Jeanne Dortzal

Jeanne Dortzal

Ceux qui creusent le soir

Ceux qui creusent le soir

Ceux qui creusent le soir à la façon d’un ange,
Pour en faire jaillir le jardin le plus pur
Que l’espace ait créé; ceux dont l’ardeur étrange
Echafaude leur dieu tout au sommet du mur

Pour pouvoir, à leur guise, humer dans son haleine
L’odeur de l’univers et le parfum du soir;
Ceux qui poussent le jour devant eux; ceux qu’entraîne
Le beau navire avec du bleu sur son bossoir;

Ceux qui n’ont pour butin que leur aile qui saigne
Loin des cités, loin de la gloire, loin de tout,
Ne sont-ils pas les Christ de l’avenir? Leur règne
Rebatira le temple où la lumière bout.

Que d’autres aient recueilli leurs lauriers; que l’heure,
En souffletant leur rêve, ait jeté sur leur dos
La besace et l’oubli, leur plus sûre demeure
Est ce vaste horizon d’où montent leurs credos.

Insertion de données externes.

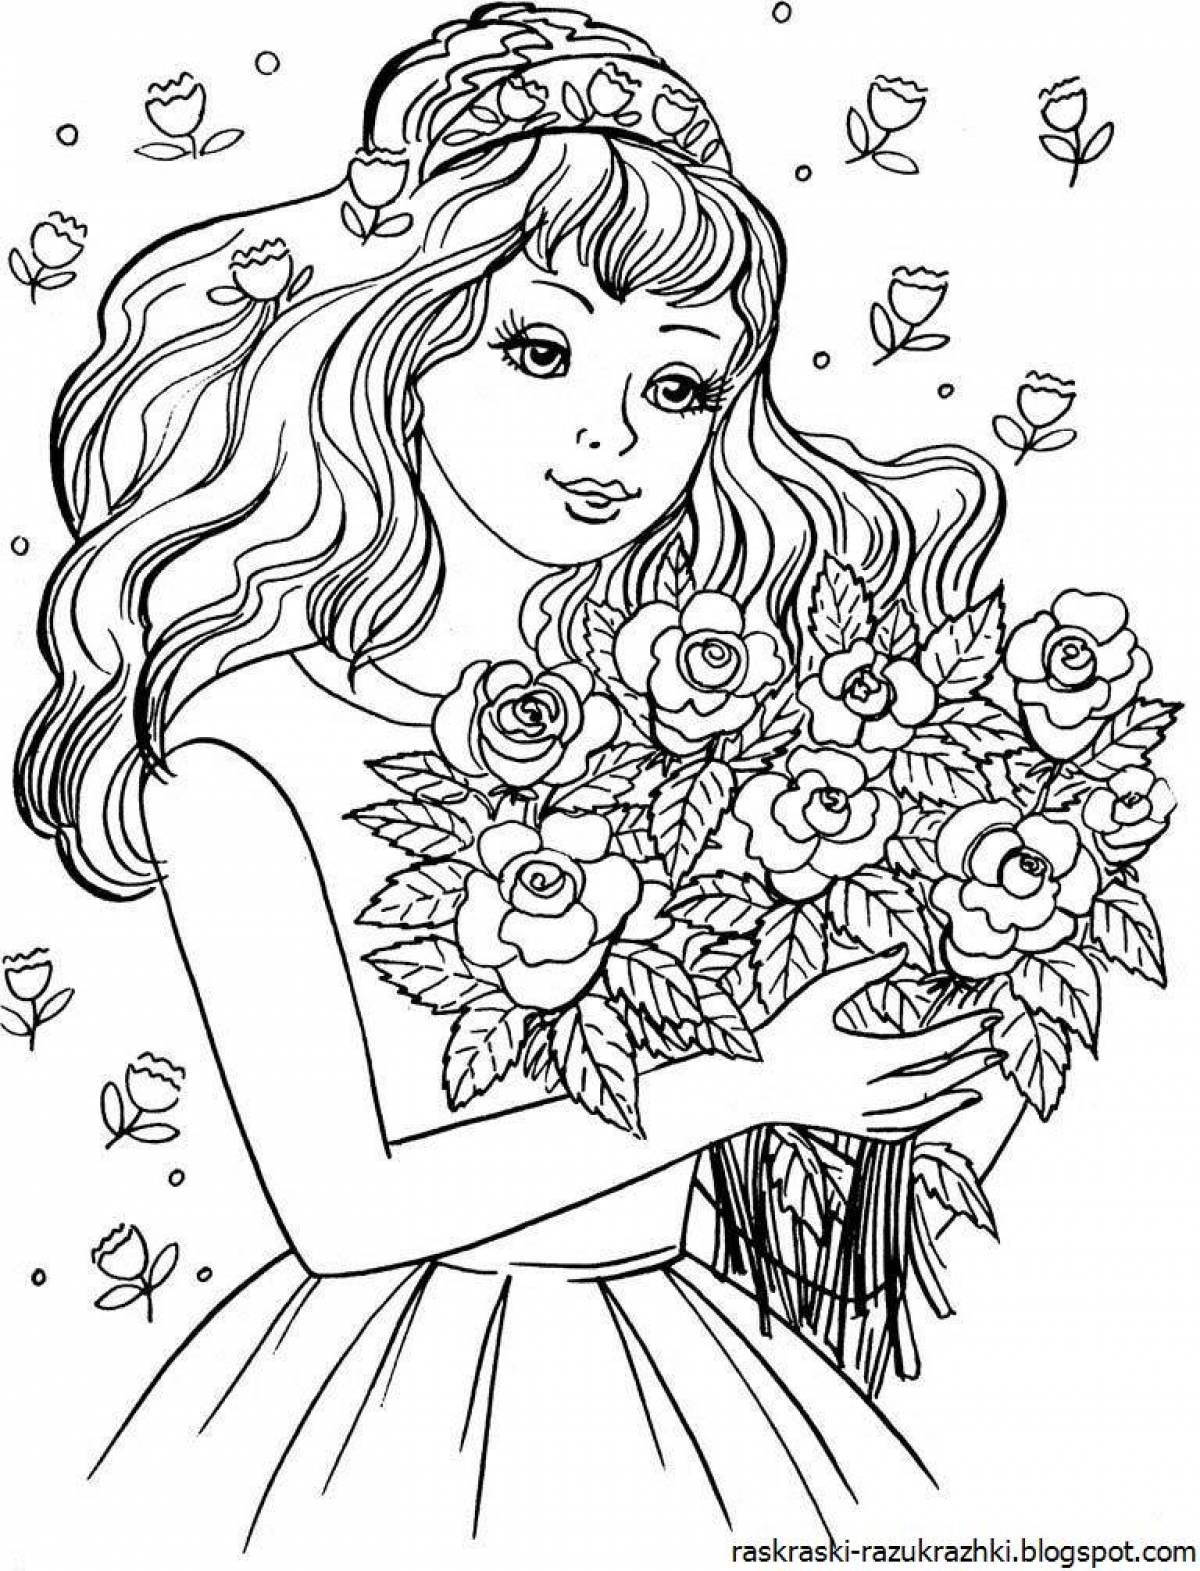 Coloring pages new 2020: wonderful and charming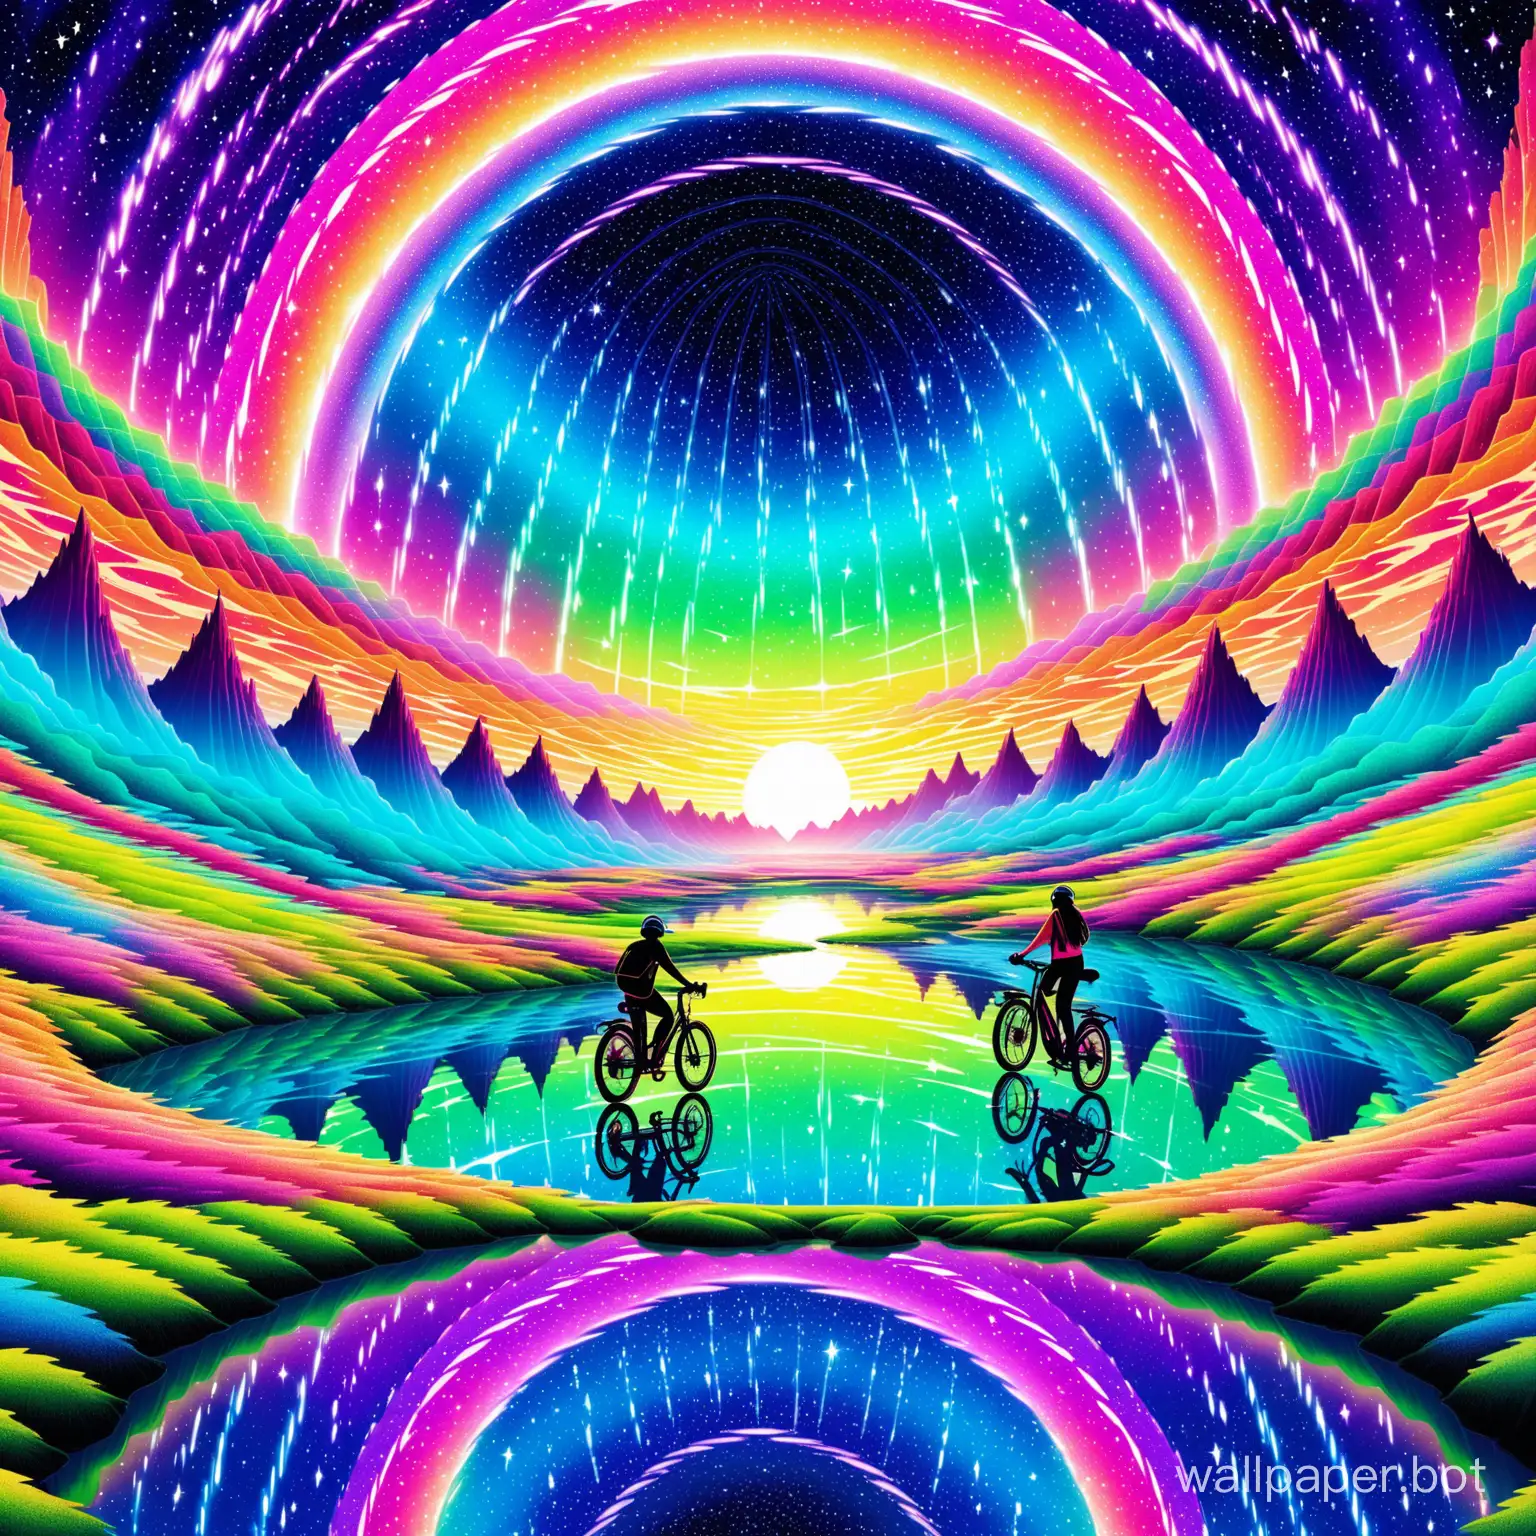 Psychedelic river of stars with a ebike  waterfall and a trippy lake in a trippy valley between crazy mirror psychedelic mountains under a giant mirror

“ En marge, et pour toujours” deviendra leur devise,
Ceux-là n’ayant jamais épongé leur douleur
Qu’en face du désert. La clarté qu’on divise
N’appartient qu’à la meute: eux ont gardé la leur.

Leur orgueil est d’errer parmi les solitudes.
Le sable a satisfait leur faim, rongé leurs os,
Mais ce qui bat entre leurs côtes est si rude,
Bien que sur leur épaule accourent les oiseaux.

Nul ne viendra border leur tombe. Le silence,
Comme une symphonie, en les enveloppant,
Reviendra-t-il bercer ton front qui se balance
O squelette étoilé dont la grande aile pend?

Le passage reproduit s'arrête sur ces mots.